It will also take time for Republicans to come to terms with why they lost the election. Putting up loony candidates who say daft things about God and rape, thereby costing the party regained control of the Senate, is a simple lesson to absorb and, now that the Tea Party element has been weakened, easier to implement. But it will be much harder to do something about the fact that there are not enough older white males to win national elections anymore, especially when all the other demographic components of the Obama victory were so thoroughly turned off by Republican rhetoric and threats.

Mitt Romney, from his bubble of wealth and even richer donors, complained that he lost because the president showered “gifts” on his supporters, thus buying an election that his money also sought to. This showed he still believed, even in the reflection of defeat, what he told his fundraisers last spring: that 47 per cent of the country would never vote for him because they were dependent on government handouts. He may not count anymore but the same line is peddled by the polemicists of the right-wing media, like Rush Limbaugh, Bill O’Reilly and their ilk, who still matter. They talked of “free stuff” and “Barack O’Claus” and played “Feliz Navidad,” the Christmas song, on an endless loop. This group is, in effect, still in denial. This is to be expected, since they all thought they could not lose, not realising that this was no longer the 1950s, before the great Latino influx and when blacks knew their place, women worked in the home and gays were in the closet.

Another strain, most vocally represented by Bobby Jindal, the Indian-American Republican governor of Louisiana, had no truck with this line and argued the party had to get off its reflexive anti-immigrant talk, such as Romney’s suggestion of self-deportation. Some Republican business leaders, needing the labour, would agree. Charles Krauthammer, the commentator who loathes the president with a disturbing passion, proposed, perhaps sarcastically, that all Republicans needed to do was to support amnesty for illegal immigrants and get Senator Marco Rubio, the Cuban-American from Florida, to propose it, thus burnishing his credentials for 2016. But these were tarnished by the fact that the Cuban vote in his state, once overwhelmingly Republican, split evenly this time, suggesting the senator cannot even rely on his own.

That field is now wide open. The next race will not include most of the clowns who lasted longest against Romney (Michele Bachmann, Herman Cain, Rick Perry, Newt Gingrich, though Rick Santorum might run) but there are several relative heavyweights who declined to enter last time and will now sniff around. Among them are the Latino-friendly former Florida governor Jeb Bush (of that family), the actual Latino governor Susana Martinez of New Mexico and a fistful of other past or present state chief executives: Mitch Daniels of Indiana, Jon Huntsman of Utah, Bob McDonnell of Virginia and Chris Christie of New Jersey, if Republicans ever forgive him for the cardinal sin of bear hugging President Obama in the wake of Hurricane Sandy. Paul Ryan, the defeated vice presidential candidate, is surely a contender. It is not the worst of potential candidate lists but it will not be enough merely to make nice to Latinos, other minorities, women, the young and gays. There will need to be a sea change in party attitudes towards a host of issues: immigration reform, same-sex marriage, birth control, climate change. There should be no more voter identification drives which, no matter how dressed up, were nakedly designed to divert minorities and the poor from the ballot box.
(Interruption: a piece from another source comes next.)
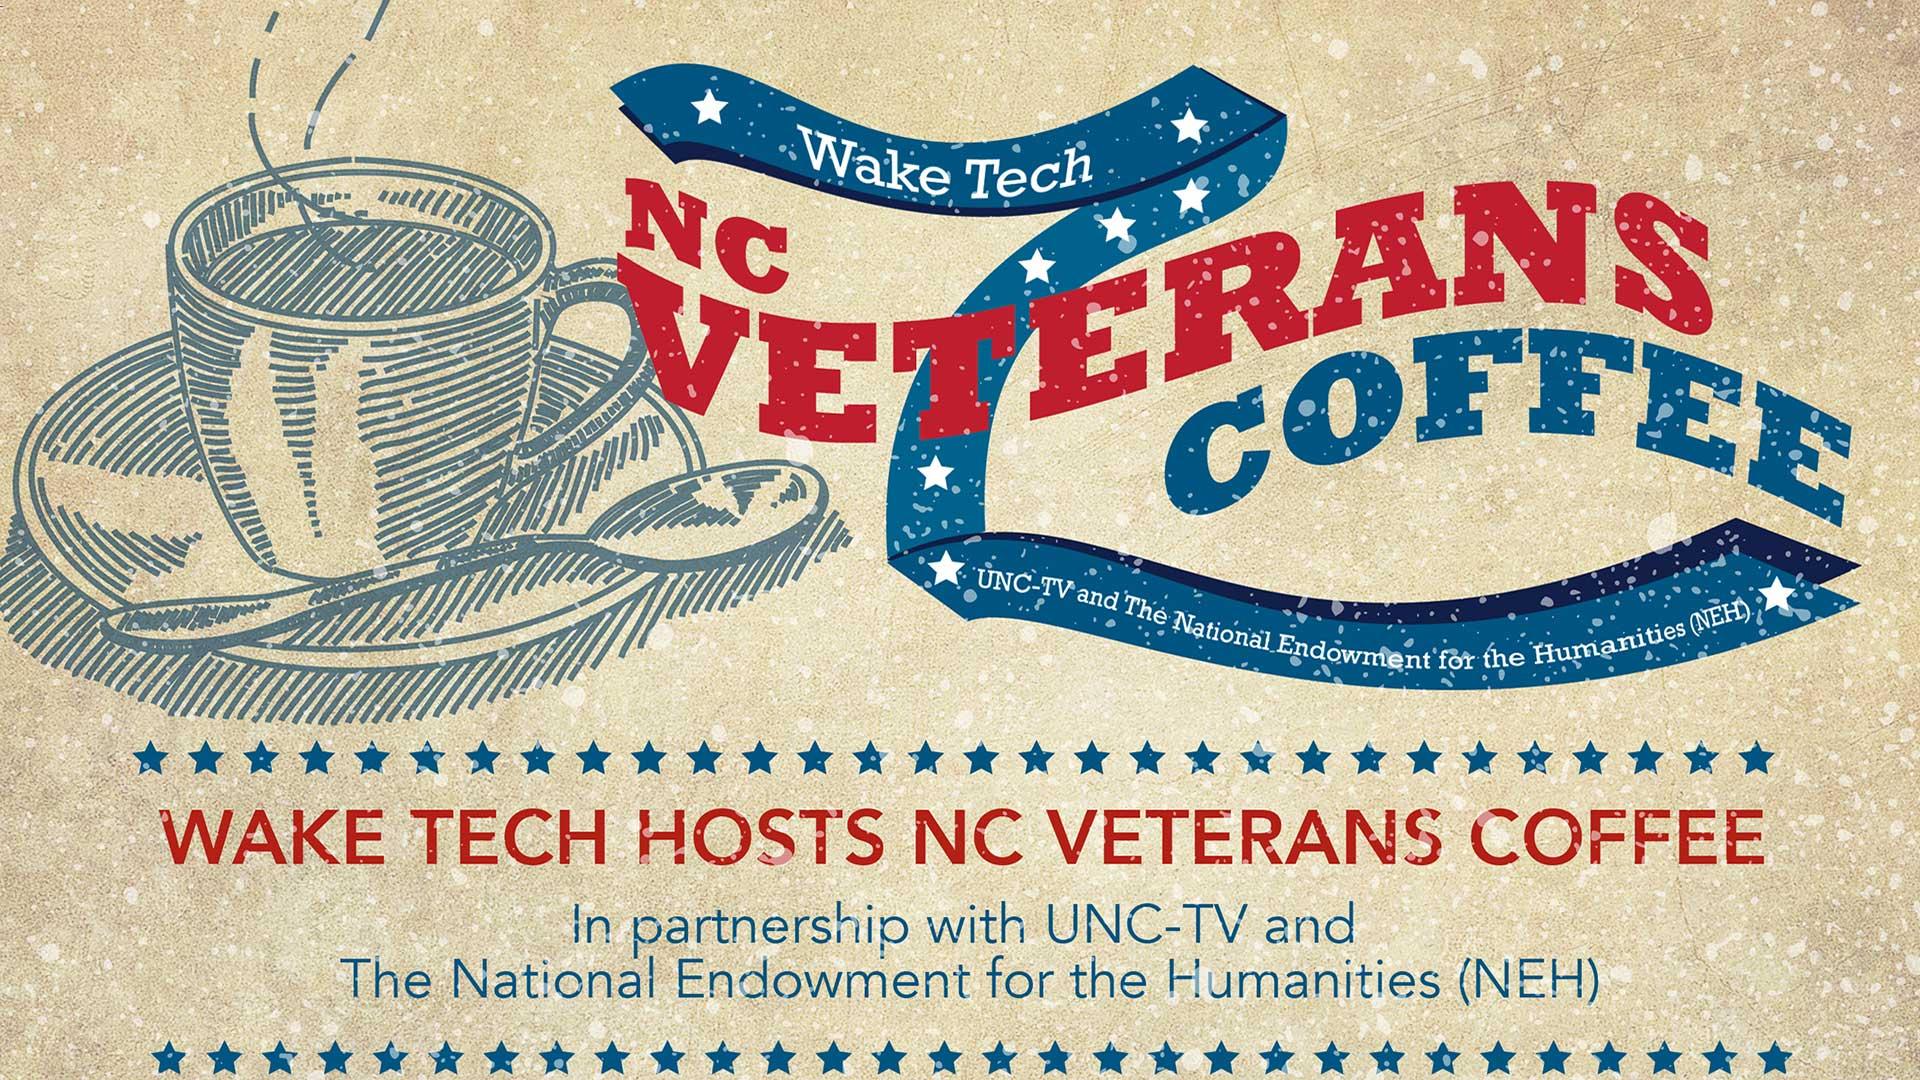 Veterans Coffee: Wake Tech

That will not be easy. The Christian right and the Tea Party may be weaker but they have not gone away. Republican incumbents in Congress are frankly scared witless of challenges in party primaries from the right, egged on by Limbaugh’s army; that is what happened this year to Senator Richard Lugar of Indiana, so entrenched that Democrats often did not bother to run a candidate against him. He fell to the righteous sword of Richard Mourdock, who said he divined God’s intent that rape victims carry babies to term, and went on to get trounced in the general election in a state Romney carried easily.

More generally, ever since Newt Gingrich shaped it 20 years ago, the modern Republican Party has become Very Adamant, addicted to signing pledges from which to diverge is a cardinal sin. The most infamous of these was drawn up by the activist Grover Norquist and states that under no circumstances can taxes, of any form and on any segment of the population, be raised. All but a handful of moderate Republicans signed it and even after the election this contemporary Duke of York is holding them to account. That is a real problem for party leaders like John Boehner, speaker of the House, and Mitch McConnell, the Senate minority leader, who, being creatures of Congress, understand that deals in the national interest were once made on Capitol Hill and even with a president of the other party. To many of their troops, however, compromise remains a four-letter word.
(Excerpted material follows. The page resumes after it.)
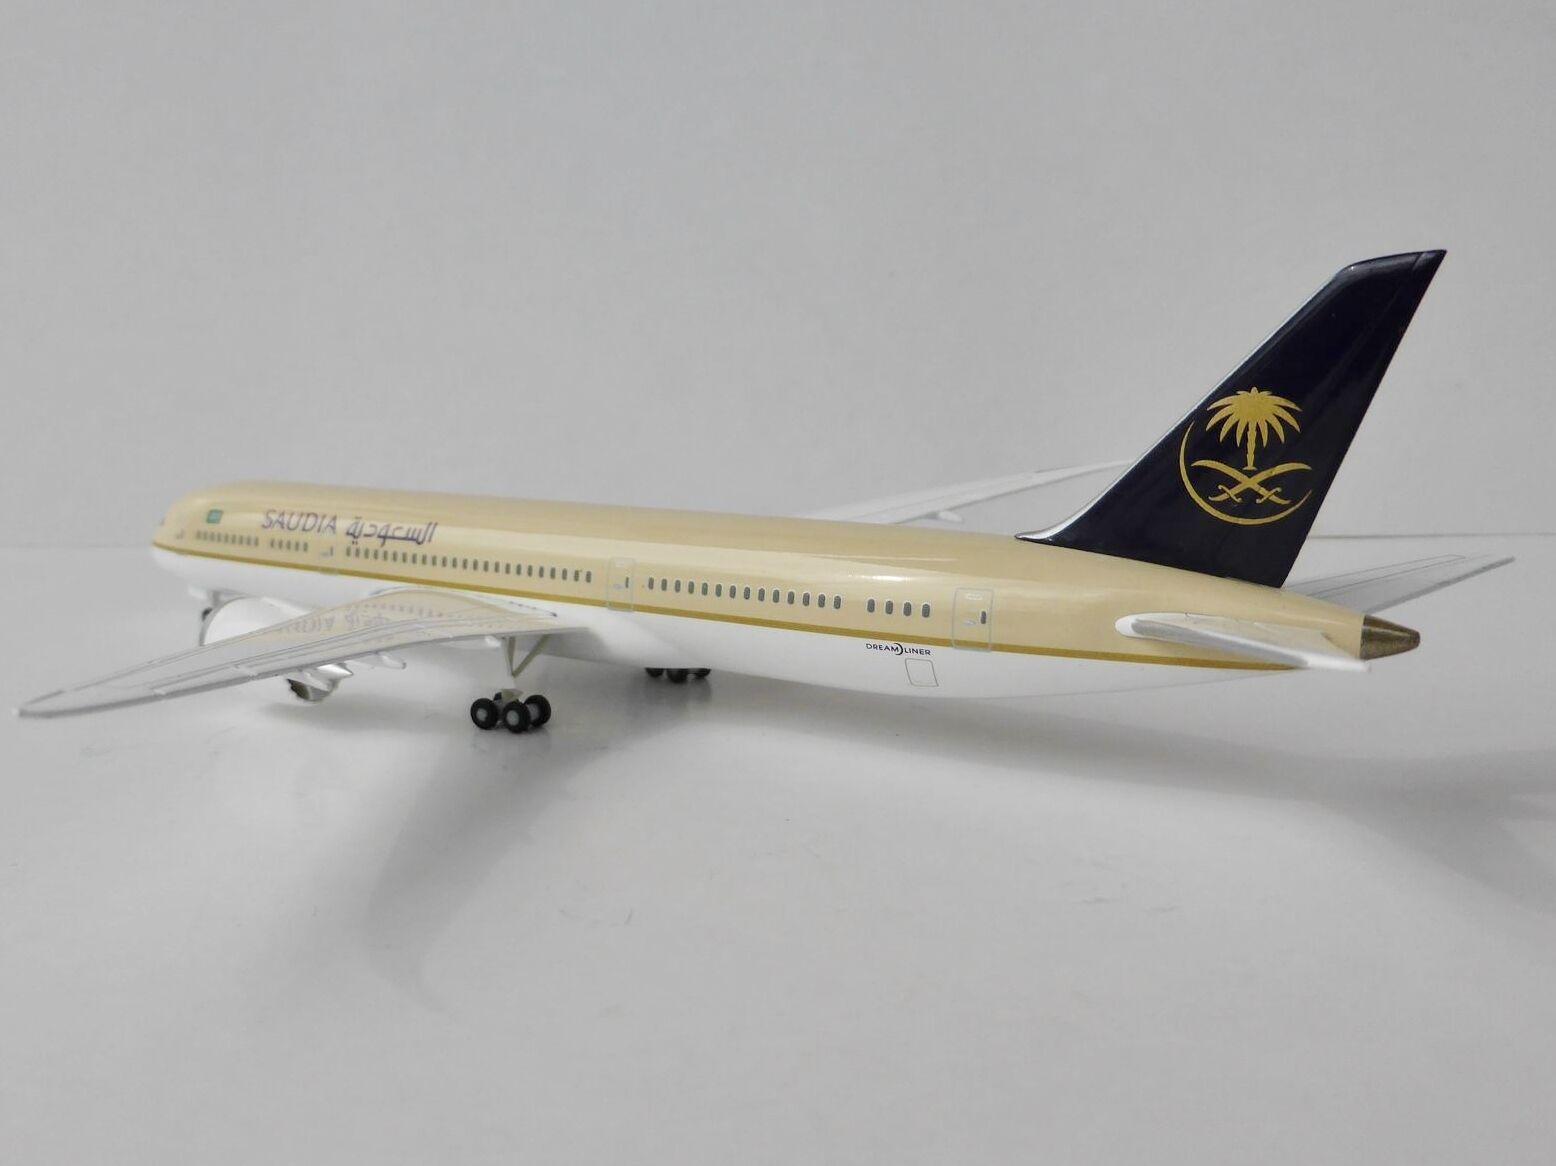 BOEING 787-9 SAUDIA 1 400 Hogan Wings 5156 ON GROUND 787 Saudi Arabian Airlines

But Barack Obama does not have it that easy with his own Democratic Party, which, when he took office, controlled both houses. In retrospect and even at the time, his biggest mistake was to cede too much policy authority to the Democrats running Capitol Hill, who are as subject to vested commercial interests as the Republicans. The net result was healthcare and financial reform acts that were much less than they might and should have been, yet Obama hardly ever interfered in the process. That deference is going to have to change in his second term, particularly on the intractable issues of immigration reform and any legislation on climate change. Even under the unlamented W, something like a consensus on both appeared achievable. That evaporated so much in the last couple of years that the president was forced into using his limited executive authority to stop the deportation of the children of illegal immigrants and to order the car industry to raise mileage standards. Such half measures will not be enough for a successful second term.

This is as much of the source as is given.